Keberhasilan perbanyakan dan perkembangbiakan tanaman dengan metode kultur jaringan
sangat besar pengaruhnya terhadap pertumbuhan dan perkembangan eksplan serta bibit yang
dihasilkan. Bibit yang diharapkan dari kultur jaringan adalah bibit tersebut mempunyai beberapa
keunggulan, antara lain: mempunyai sifat yang identik dengan induknya, dapat diperbanyak
dalam jumlah yang besar sehingga tidak terlalu membutuhkan tempat yang luas, mampu
menghasilkan bibit dengan jumlah besar dalam waktu yang singkat, kesehatan dan mutu bibit
lebih terjamin, kecepatan tumbuh bibit lebih cepat dibandingkan dengan perbanyakan
konvensional.
Tahap-tahap dalam kultur jaringan pembuatan media, inisiasi, sterilisai, multiplikasi,
pengakaran, dan aklimatisasi.

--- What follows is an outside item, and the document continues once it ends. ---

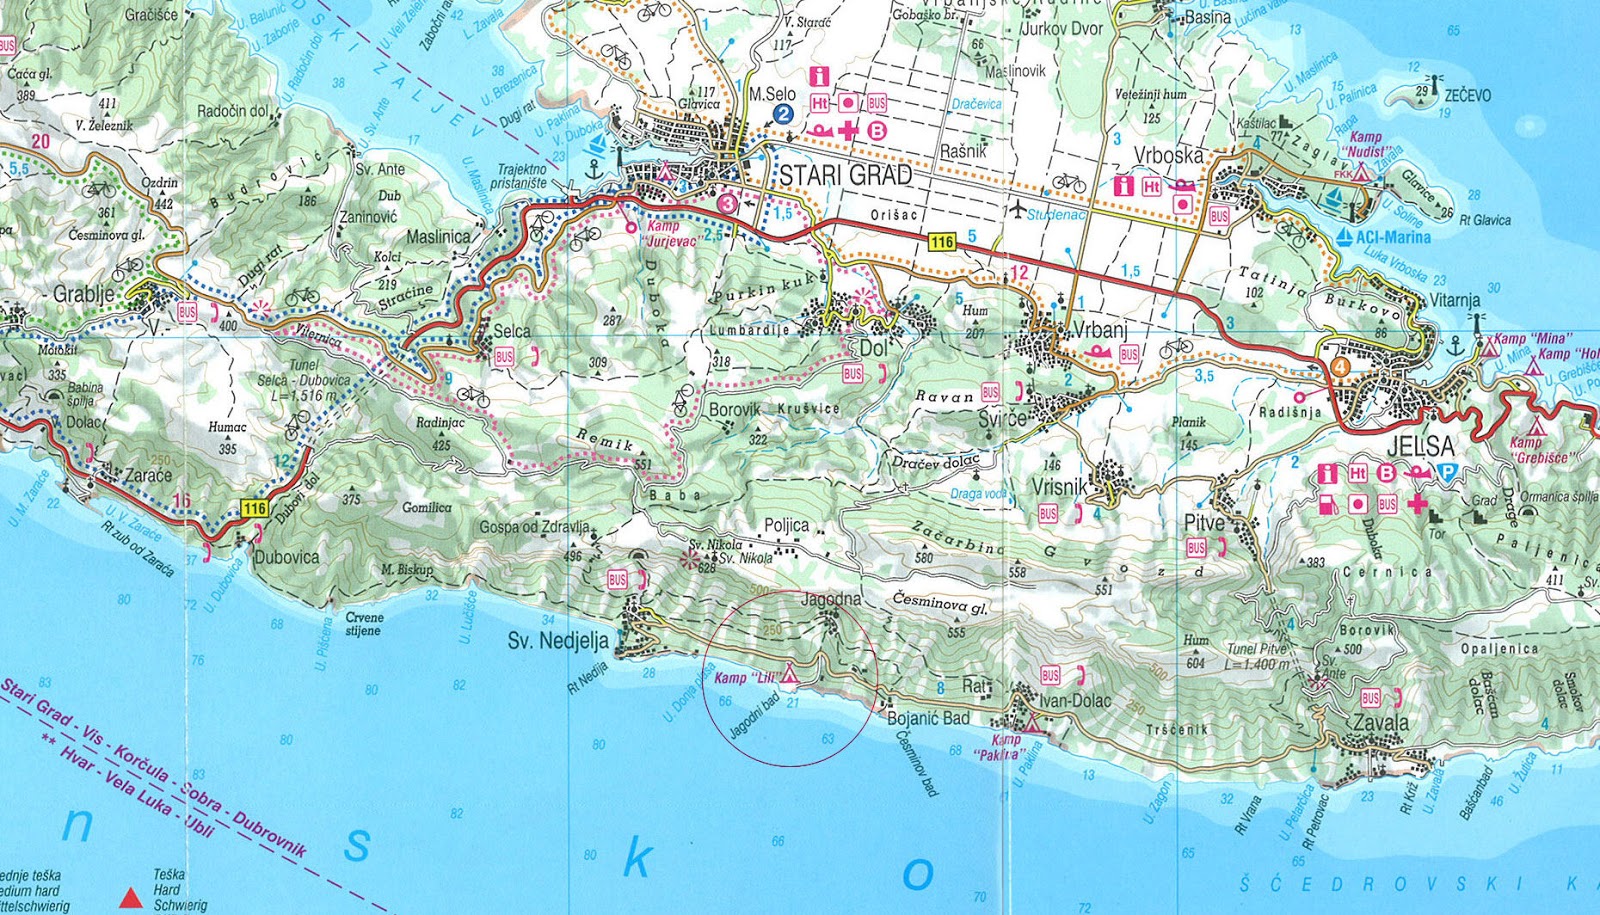 Camp Lili Chorwacja wyspa Hvar mapa.jpg

Tahapan ini juga merupakan syarat yang harus diperhatikan dalam
proses atau tahapan kultur jaringan.
1.2. Tujuan Pembuatan Bibit Secara Kultur Jaringan
Adapun tujuan dari kegiatan kultur jaringan ini adalah untuk memperbanyak tanaman
secara in vitro agar diperoleh benih-benih yang berkualitas, mempunyai sifat yang identik
dengan induknya, serta sehat.
II. TINJAUAN PUSTAKA
2.1. Pengenalan Alat dan Pembuatan Larutan Induk
The basic equipment in most tissue culture facilities includes the following: An autoclave
is basically a large-sized but sophisticated pressure cooker, and is used for the sterilisation of the
medium, glassware and instruments. Autoclaves of different sizes are available commercially.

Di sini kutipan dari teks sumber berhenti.